The insight into the dark side. I. The pitfalls of the dark halo parameters estimation

TL;DR

This study investigates the reliability of dark matter halo parameter estimates from galaxy rotation curves, revealing significant uncertainties due to degeneracies and data limitations, but finds halo mass estimates within optical radii to be more dependable.

Contribution

It demonstrates the limitations of current mass-modelling methods for dark halo parameters and proposes that halo mass within optical radii can be reliably estimated without fixing mass-to-light ratios.

Findings

Dark halo parameters are highly uncertain due to degeneracies.

Lack of data in galaxy centers or outskirts affects parameter estimates.

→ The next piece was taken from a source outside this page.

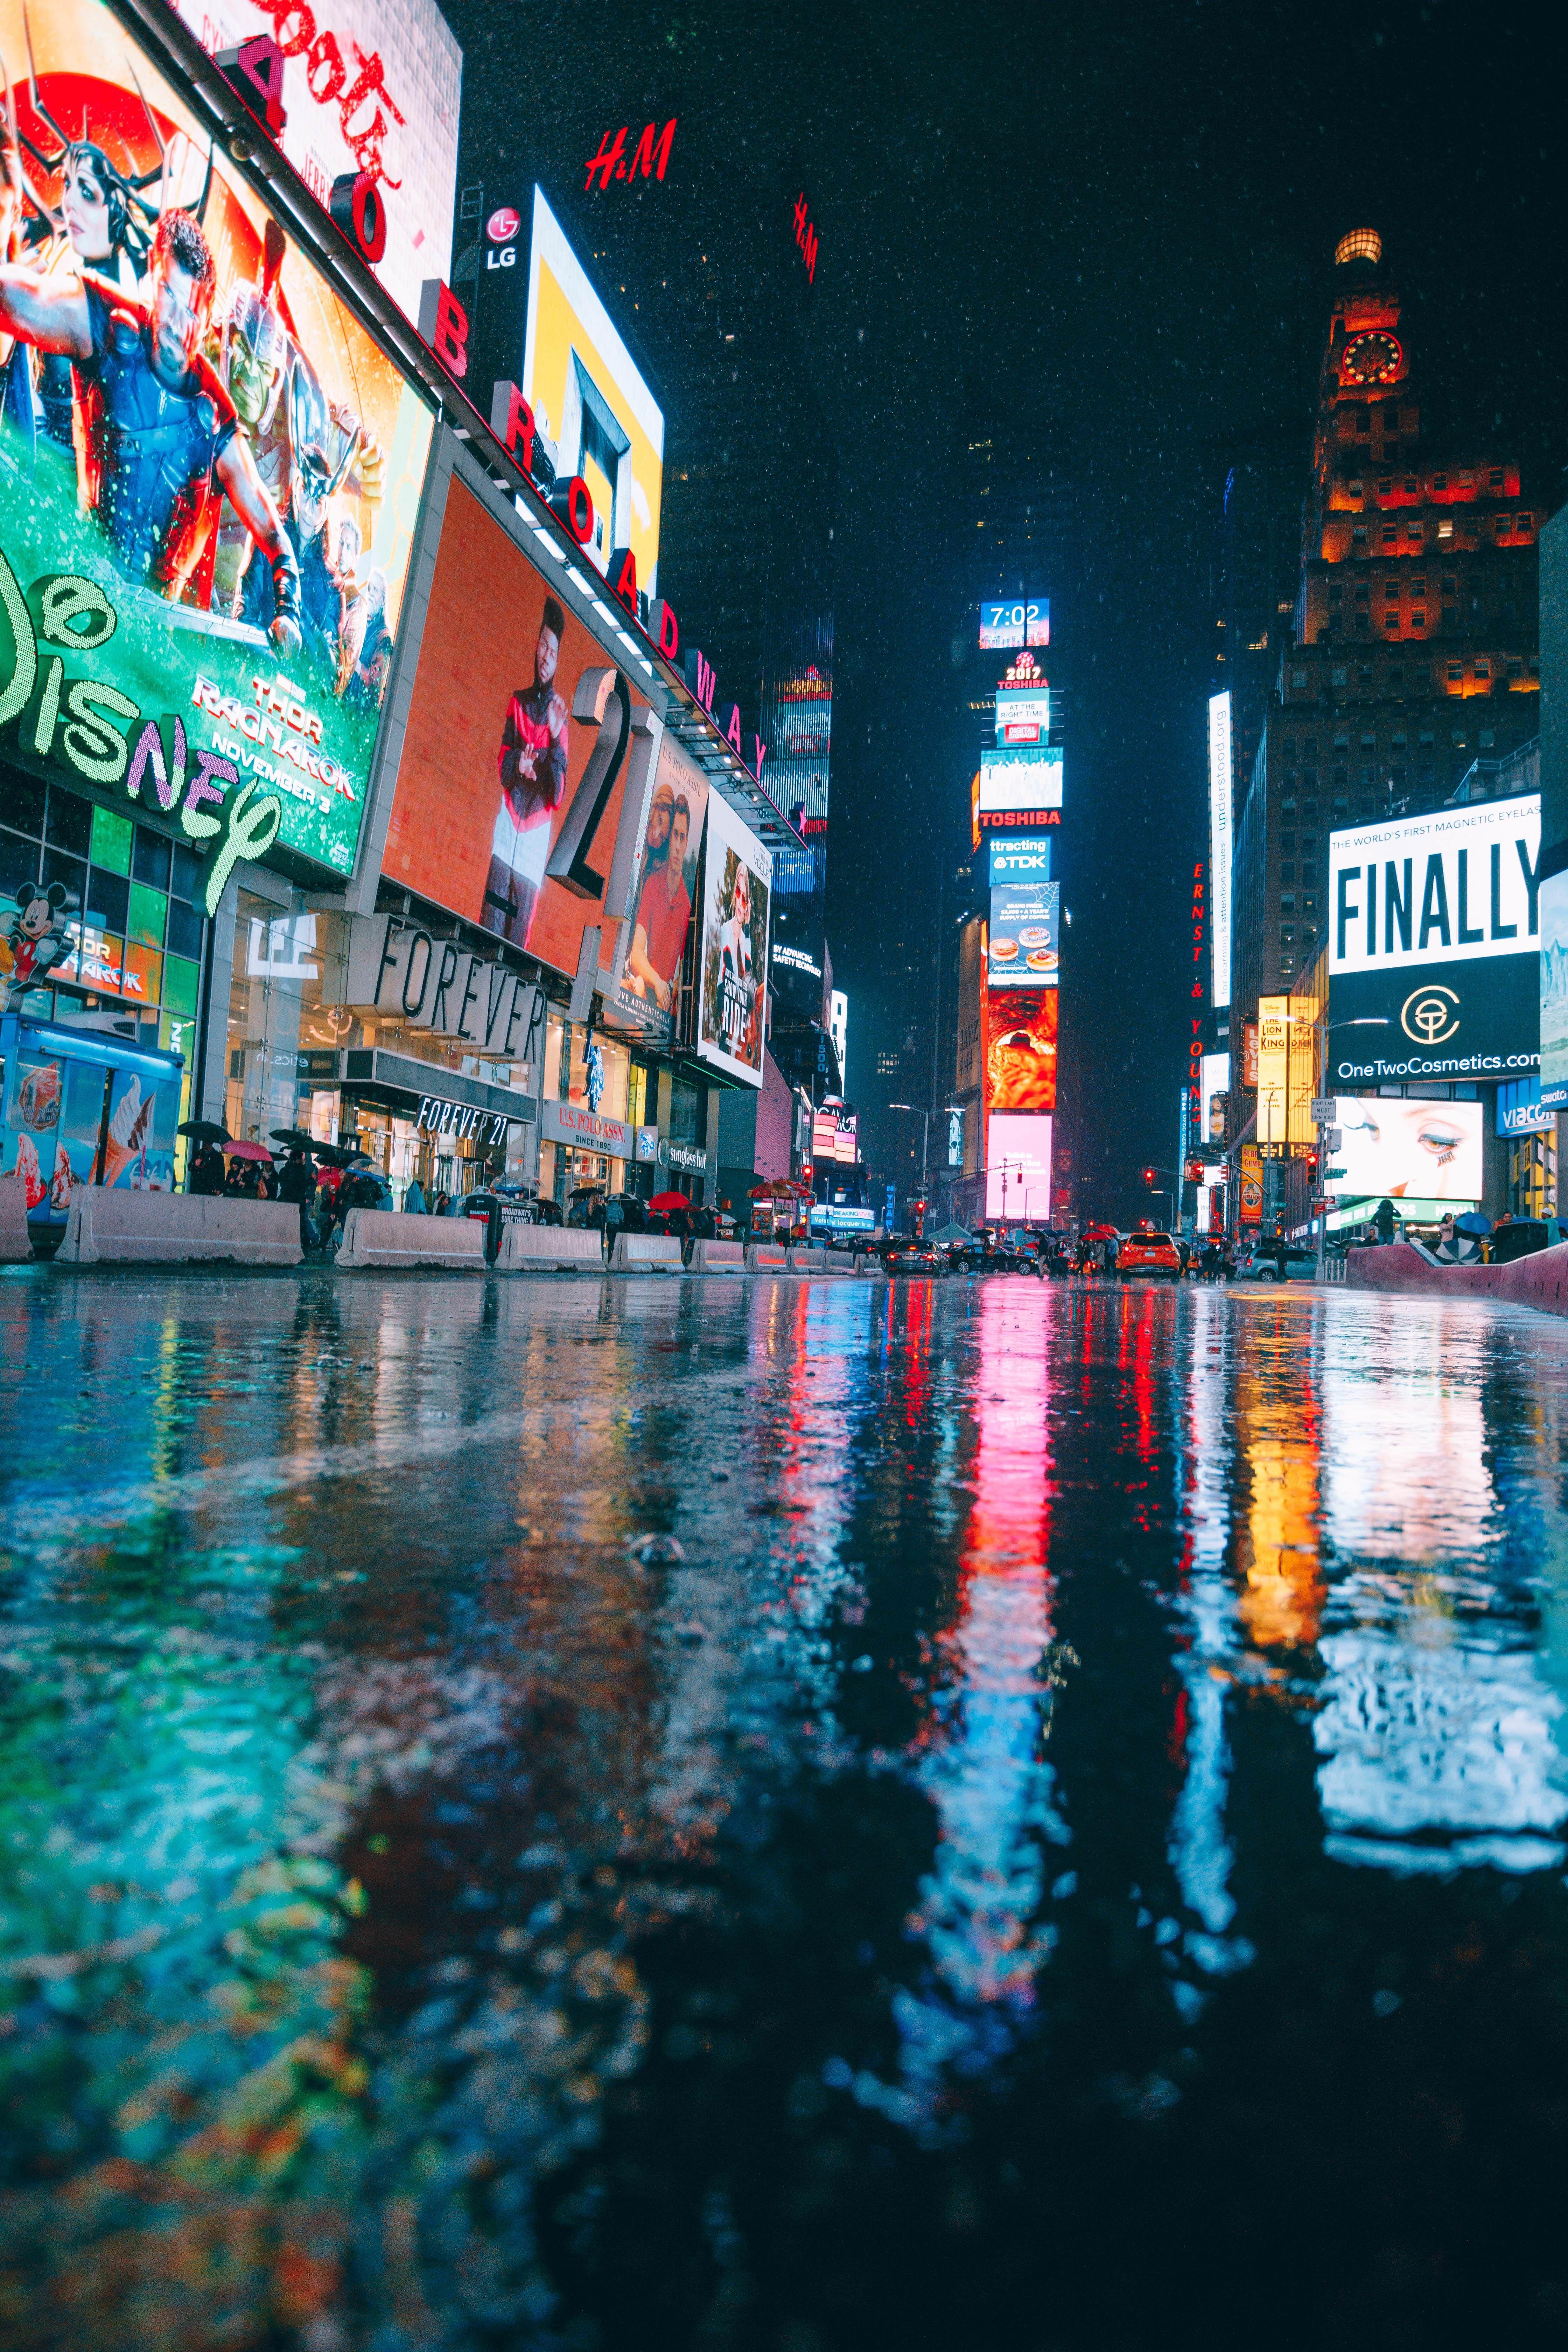 Rainy Times Square Nyc 4480x6720 Oc Nyc Times Square Times Square New York Wallpaper

Halo mass within optical radius can be accurately determined.

Abstract

We examined the reliability of estimates of pseudoisothermal, Burkert and NFW dark halo parameters for the methods based on the mass-modelling of the rotation curves.To do it we constructed the $\chi^2$ maps for the grid of the dark matter halo parameters for a sample of 14 disc galaxies with high quality rotation curves from THINGS. We considered two variants of models in which: a) the mass-to-light ratios of disc and bulge were taken as free parameters, b) the mass-to-light ratios were fixed in a narrow range according to the models of stellar populations. To reproduce the possible observational features of the real galaxies we made tests showing that the parameters of the three halo types change critically in the cases of a lack of kinematic data in the central or peripheral areas and for different spatial resolutions. We showed that due to the degeneracy between the central densities and the radial scales of the dark haloes there are considerable uncertainties of their concentrations estimates. Due to this reason it is also impossible to draw any firm conclusion about universality of the dark halo column density based on mass-modelling of even a high quality rotation curve. The problem is not solved by fixing the density of baryonic matter. In contrast, the estimates of dark halo mass within optical radius are much more reliable. We demonstrated that one can evaluate successfully the halo mass using the pure best-fitting method without any restrictions on the mass-to-light ratios.